Good for Apple's PR firm. I guess.

Not that I have anything against Macs or PowerPC hardware, I just don't like disengenuous authors (or their articles).

Regards,
Ross

Re:PR as Journalism (not)

[figleaf]

Maybe Apple paid him too.

Re:PR as Journalism (not)

[ErikTheRed]

Something about news articles in general (as I learned from one of my clients, a PR agency) - many "reporters" create "stories" by basically doing some light editing (if that) on a press release. If you want to get your product or service in a newspaper, magazine, etc., the best thing to do is to have a pre-written piece that the "reporter" can slap their name on. It's a reasonable bet, for instance, that any positive story in your local paper about some local business was written either by that business or their PR agency. That doesn't necessarily mean it contains untrue information, but it certainly colors whatever facts are included.

This is the actual main reason for many people's complaints that news sources lean too far left or right or whatever - much of the "news" is generated by PR firms, advocacy groups, political parties, etc., given a very thin coat of paint, and slapped on the page. Some actual work is done on the editorial page, and in the reviews (although there have been some "reviews" done along these lines for things like restaurants - caveat emptor), but by and large you should take most newspaper and magazine stories with an appropriate grain of salt (unless you have a particularly high level of confidence in a specific writer or publication).

How Long?

[blueadept1]

x86 has been around how long? 15+ years? And they just begin discussing this now?

Stack

[Sloppy]

The x86 has always been known to be inferior. But the most blatant problem isn't lack of execution permission bits by page, or anything subtle. The biggest problem is something so huge and obvious, that people have stopped being able to see it, because they're completely immersed in it.

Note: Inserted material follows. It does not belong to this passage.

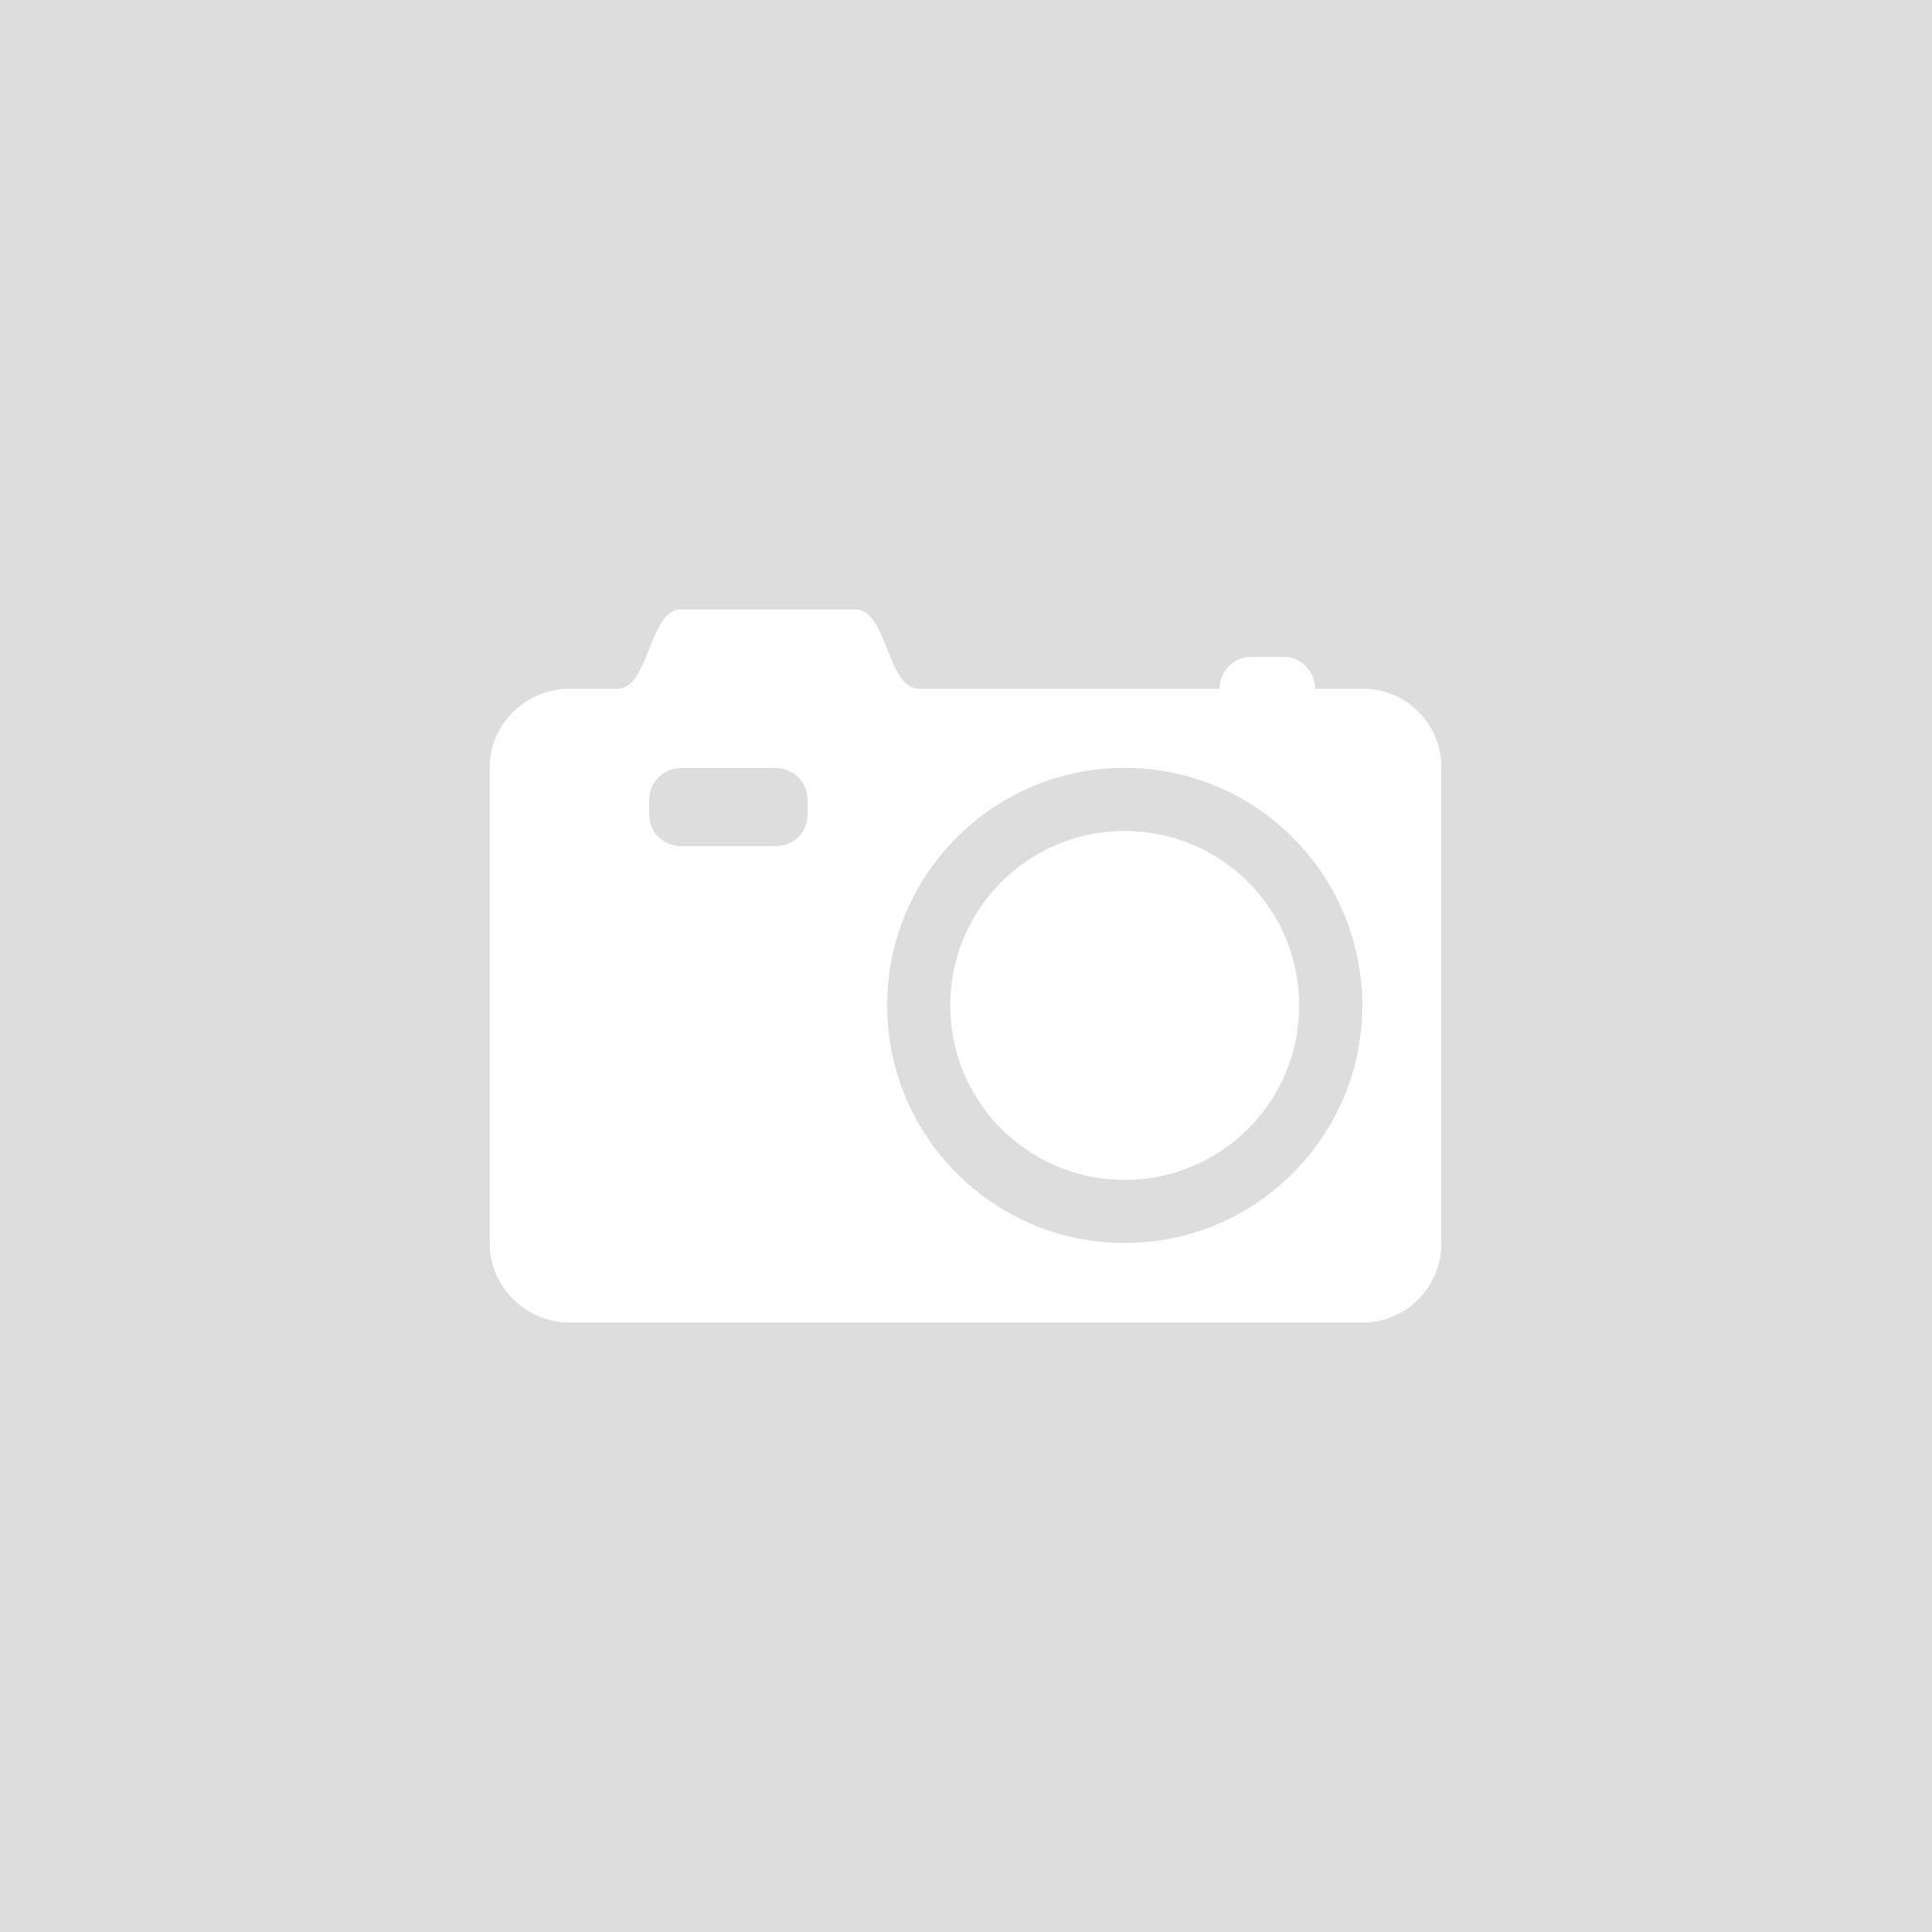 Satin Pleats Cushion in Teal by CIMC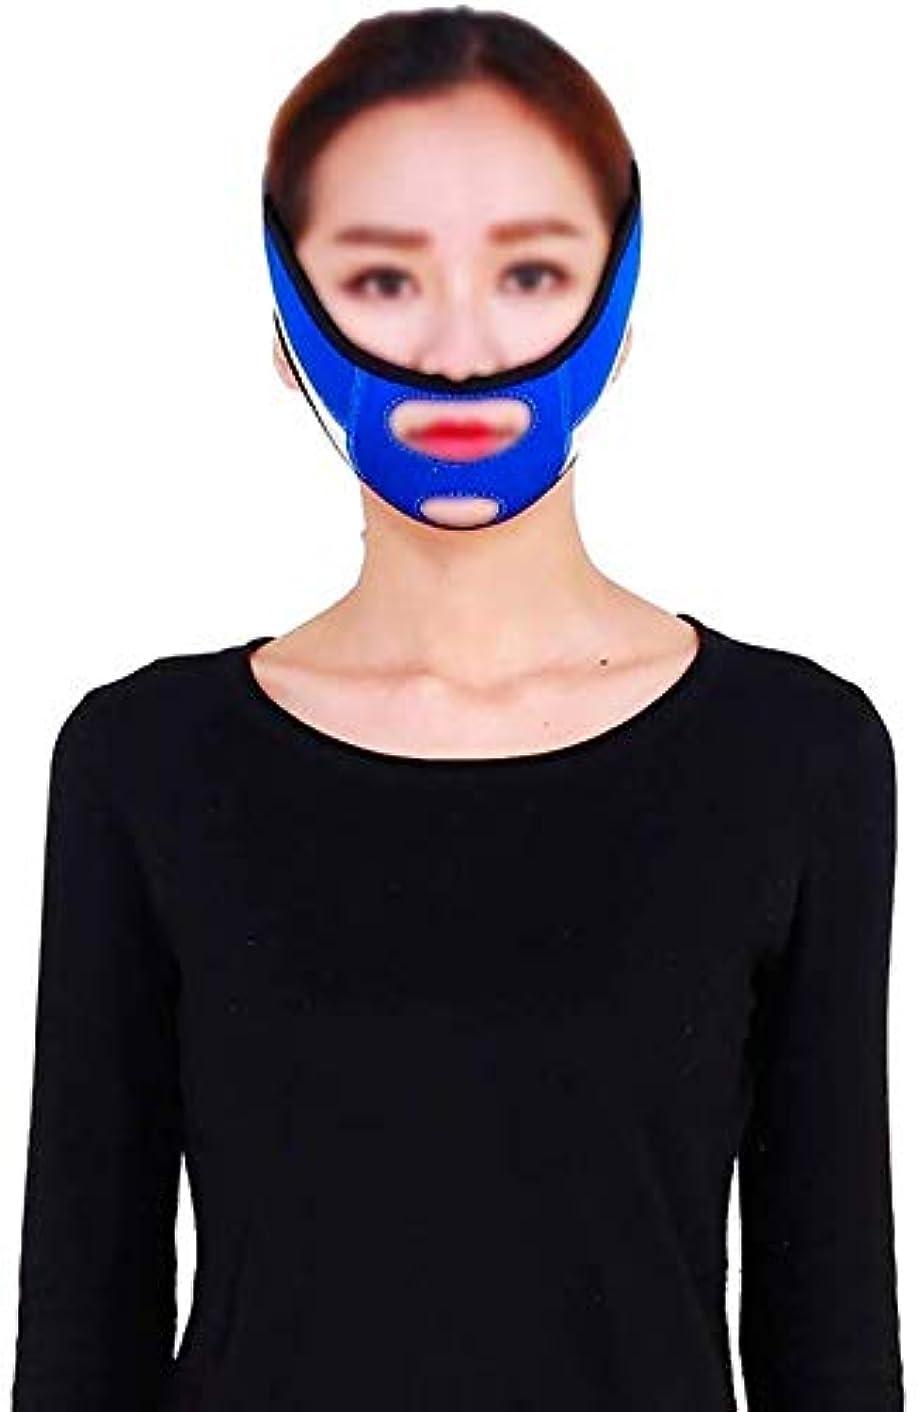 記憶パスセグメント美しさと実用的な引き締めフェイスマスク、口を調整して垂れ下がった肌を縮小する小さなVフェイスアーティファクトリフティングマスク滑り止め弾性ストレッチ包帯

On x86, the stack grows backwards. Backwards! A stack overflow ought to overwrite unallocated space, not earlier stack frames and return addresses. It's totally insane.

But I guess when you live with insanity year after year, you get used it.

Re:Stack

[CajunArson]

Bzzztt.... wrong, Thankyou for playing. As I learned firsthand when coding buffer overflows in a security class, it is a simple, easy, and wrong assumption to think that the stack growing down is the main reason you can do buffer overflows. The main reason is that you are allowed to write where you're not supposed to, not matter what direction the stack grows. Hint: Remember what a stack is exactly... a buffer overflow can just as easily write up into another function's space and execute the overflow from there.
It actually turns out that a bunch of the random relocation and offset tricks while helpful, can still be defeated, so simply growing the stack in a different direction is not a real solution.

NX bit

[BinaryJono]

while the NX bit can help prevent the execution of malicious code on the stack after a buffer overflow, it doesn't solve the security problem posed by overflows. return-into-libc attacks can easily be executed and will become much more prevelant as NX-enabled PCs filter into the mainstream. address space randomization can help make rilc attacks harder on 64-bit architectures but is pretty useless on 32-bit archs.

Re:RISCy

[ArbitraryConstant]

Exactly.

The security advantage of MacOS X is a lack of braindead design decisions, it has nothing to do with PowerPC.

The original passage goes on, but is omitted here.